The analysis of smart meter data can help NRGi Net prepare for these upcoming challenges, but choosing the right data for analysis is key. NRGi’s smart meters deliver on average around 1.3 billion data sets per month, including data for consumption and production fluctuations over time (kilowatt-hours), maximum and minimum voltage (volts), power (kilowatts) and reactive power (kilovolt-amperes reactive).

Berthelsen and Anders Warming in the control room at NRGi HQ where smart meter data is collected, analyzed and interpreted to predict the future load of the grid.


“We can get a lot of data,” Berthelsen says, “but it’s a balancing approach: The data has to provide value and cover a need. Much of the data contained in the meters isn’t used immediately, but if we suddenly needed it due to a fault or an outage, we have it archived for 14 days.” The data is also made available for asset management and new installations.

The brain behind it all

While Poul Berthelsen scouts and manages NRGi Net’s path into the future of energy, the brain collecting and handling the huge amount of data is the Siemens EnergyIP Meter Data Management application. Siemens, in close cooperation with external partners, is constantly expanding the system to make even more data accessible and useful.
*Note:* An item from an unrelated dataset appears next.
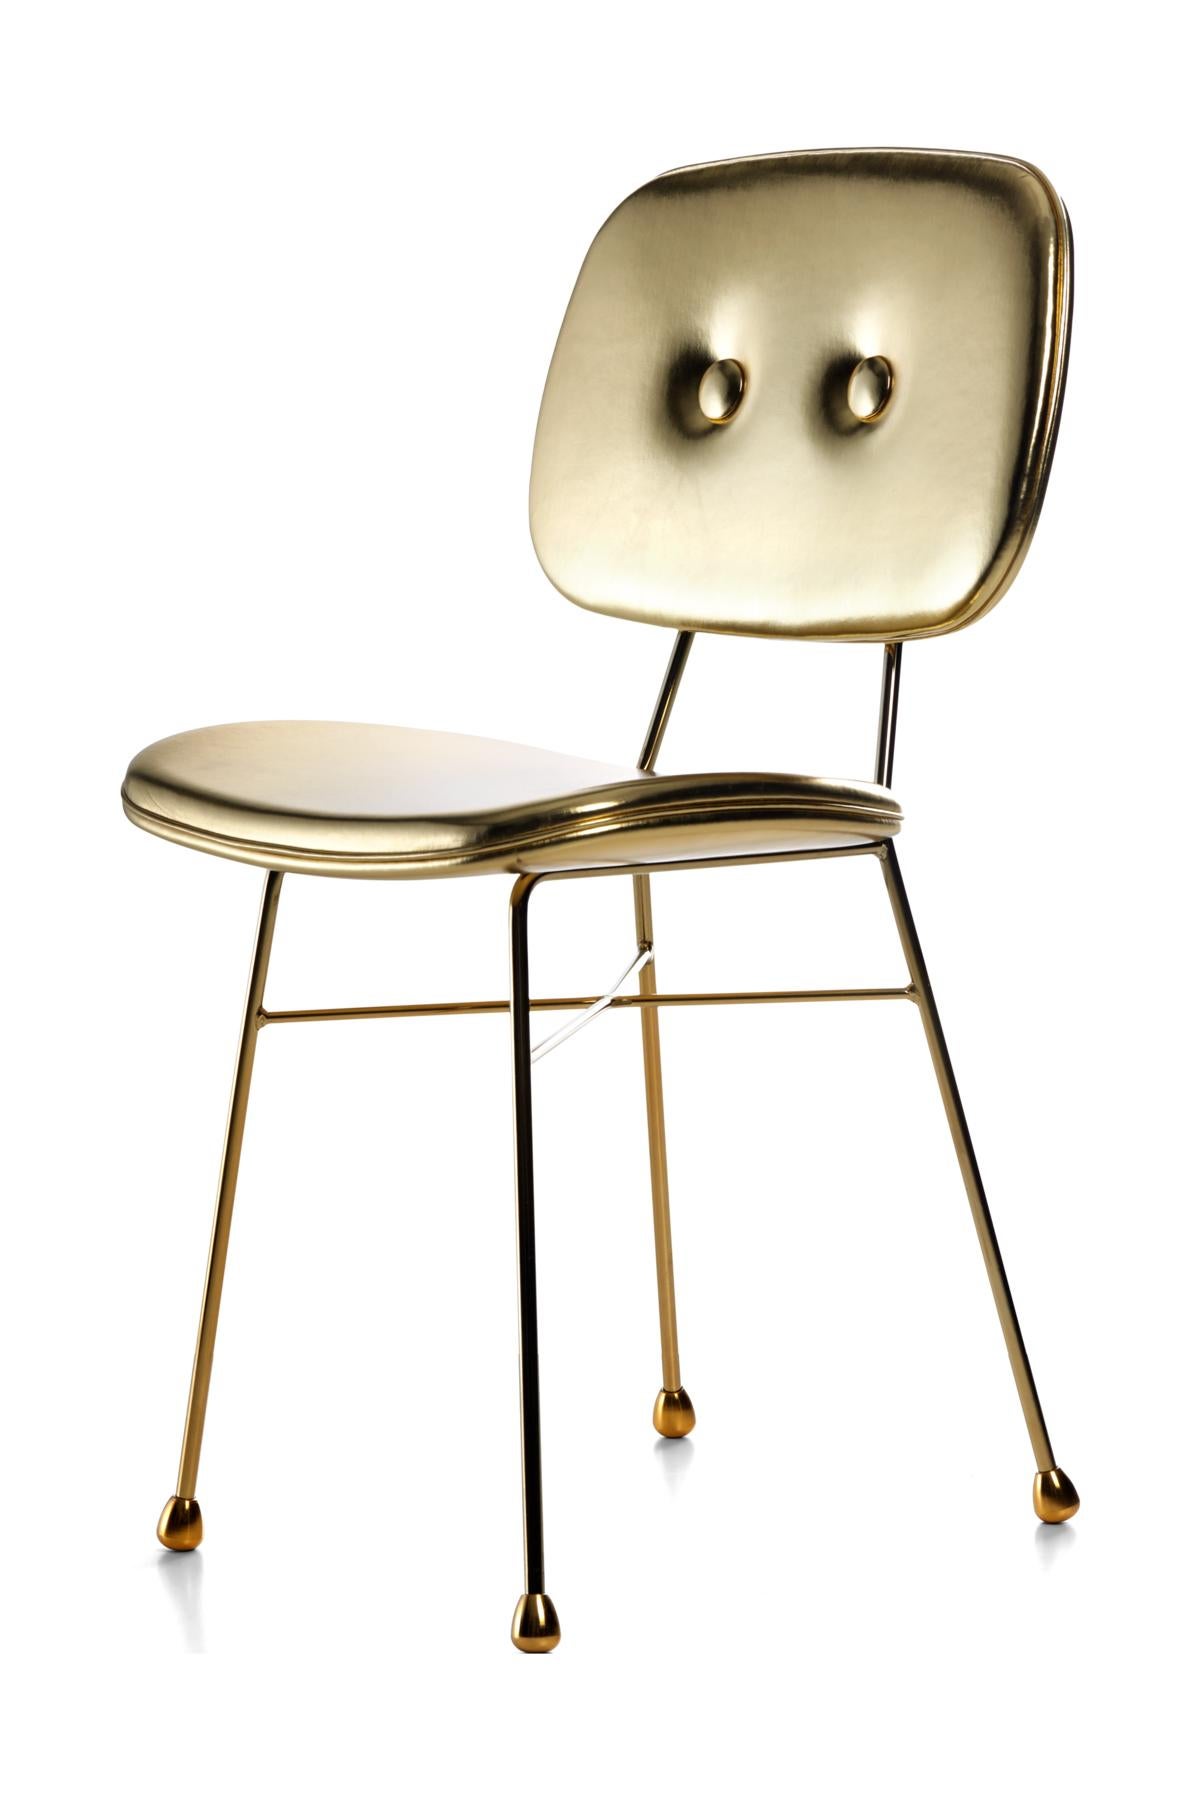 Under a mysterious magic spell, a retro-looking school chair is dipped in enchanted golden nectar, which washes away its austerity and crows it with a shiny aureole. Isn't this a typical school-time wish, while looking out of the window and hoping

NRGi Net outsources the operation of the Meter Data Management to their supplier, Eltel Networks. The agreement they have with Eltel covers system operation, ground operations and data delivery to Energinet’s DataHub. “We only deal with the exceptions,” says Berthelsen, “so we can focus on using the data to optimize our grid.”

In recent years NRGi Net has started using the data to make predictions. Based on around 5 million weather-related data sets collected over a two-year period, they can estimate how the load and the voltage in parts of the main grid will develop if the sun shines tomorrow morning. NRGi’s analytical programs are standards that come on top of the EnergyIP Meter Data Management platform and its broad set of applications, and Berthelsen says they are now moving into the fourth generation and a fully functional smart grid platform. “We’re good at interpreting data and tying systems together,” Berthelsen adds. “We can draw a picture of our electricity grid, and before the end of the year we’ll be able to make further accurate predictions.” To keep up this development and make the operation of the grid better and more cost-effective, direct access to data from the meters is crucial.

Jutland might be a long way from the US East Coast, but Berthelsen self-consciously compares his operations with those of ConEdison who are currently rolling out just under 5 million smart meters in the New York City area. The American meters are transmitting their data every 15 minutes, so that it is available to the customer in almost real time. Berthelsen is convinced this will push power producers to add more functionality and develop new solutions that make use of the massive amounts of data collected.